Thorium-228, an isotope of the element thorium, has a half-life of 1.9116 years. Many Maseratis from the eighties, especially the Biturbo, seemed to last about as long, although today's Nice Price or Crack Pipe Maserati 228 seems elementally un-decayed.
Maserati has a rich history of grand touring coupes, and the 3500, 5000 and Mexico are all extremely desirable classics, as are their more sporting stablemates. That didn't keep the company from suffering the financial challenges that were seemingly endemic among exotic car makers that weren't Ferrari. During the seventies, Maser moved from home to home, with each patron attempting to extract profit from the it as though it were Oliver Twist. While under the auspices of Alejandro De Tomaso, the company embarked on a series of lower-priced coupes intended to compete with BMW's successful 3-series.
The Biturbo took its name from the twin turbochargers fitted to a V6 engine that could trace its lineage back the Merak and Citroen SM. In original Biturbo form, it came in 2.5 litres, and a tax-dodging 2.0 for the Italian market. When introduced in 1981, the car became the first production twin-turbo ever, although its carbureted engine became its biggest liability as it was a blow-through design which housed the Weber two-barrel in a massive, pressurized plenum- not something that engendered reliable running.
By the time this Biturbo-based 228 was built in 1989, Maserati had replaced the Weber carb with Weber electronic fuel injection. That, along with the displacement bump to 2,790-ccs, provided better drivability, as well as 225-bhp. Mated to the twin-turbo six is a ZF 5-speed manual, and rowing all those gears can take the car all the way to a top end of 146-mph. Suspension is McPherson struts up front and a semi-trailing arm arrangement in back, while braking is handled by power-assisted four wheel discs.
The 228 looks like a larger and smoother version of the original Pierangelo Andreani-penned Biturbo, and that's exactly what it is, riding on the longer 102.4-inch wheelbase of the 4 sedan, and carrying a updated version of the earlier car's coupe body. Here, in silver, this 36,000-mile example appears factory fresh, and that's not dunning the car as by the time the 228 was introduced, much of what made the Biturbo a turd had been fixed. The iron-sleeved alloy engine now had water-cooled IHI turbos and the aforementioned FI, and the rest of the car, with the exception of the electrical system, was remarkably simple.
Not simple was the interior, luxuriously appointed in real leather and suede, real wood, and sporting a real thief-magnet of a Swiss clock embedded in the dash. The interior on this car is a light biscuit - although the seller calls it saddle - instead of the typical Biturbo catcher's mitt brown, and it looks to be in beautiful condition. Nowhere - either inside or out - does the car appear to have been re-muddled, right down to sporting its original flat-disc alloy wheels. That's a good thing as with fewer than 100 officially imported into this country, finding replacements for the bespoke parts would be a daunting task.

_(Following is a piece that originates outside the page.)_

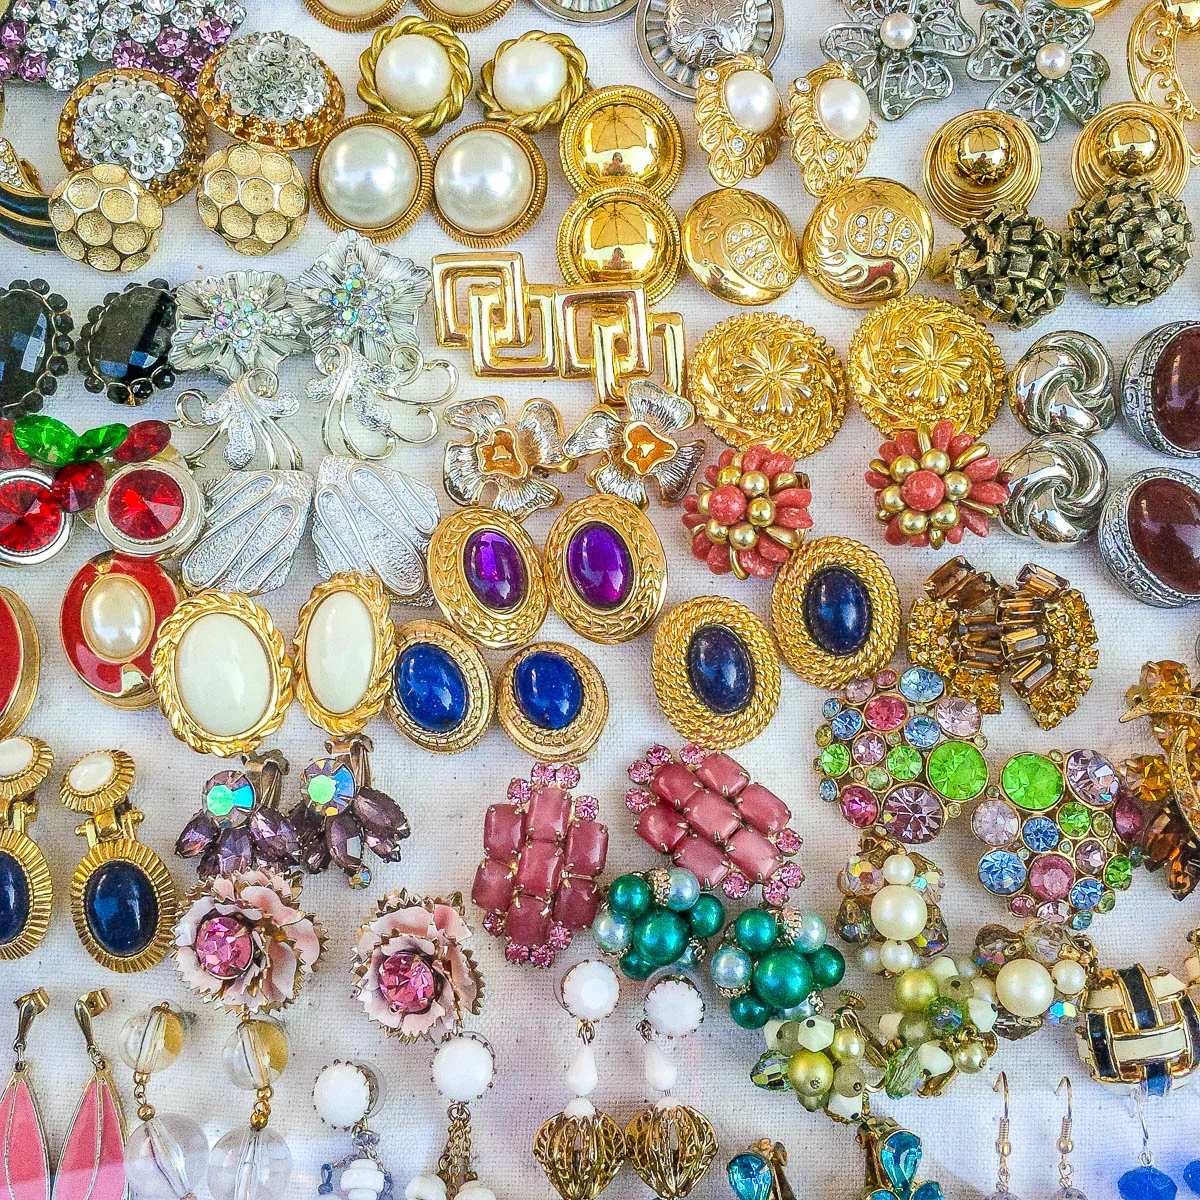 Vintage earrings - Non Ho L'Eta Antiques and Vintage Market - Vicenza, Italy - www.rossiwrites.com

This particular 228 made it to the states, and in fact all the way to the 50th state, Hawaii, where it is being offered for $12,875 by a dealer who also provides exotics for rental when you're visiting Oahu. While not of the historical importance of Pearl Harbor, Jack Lord's hair, or the birth of Barack Obama, driving this Masarati around the Aloha State might still be personally rewarding. And, though you'd probably never want to leave Hawaii to begin with, having a ride like this might make you seriously consider donning a grass skirt for good.
To do so however, you'd need to hula up with that $12,875 that the dealer thinks the car is worth. What do you think, is that a deal for this tropical twin turbo? Or, is spending that much a roll of the island pair-a-dice?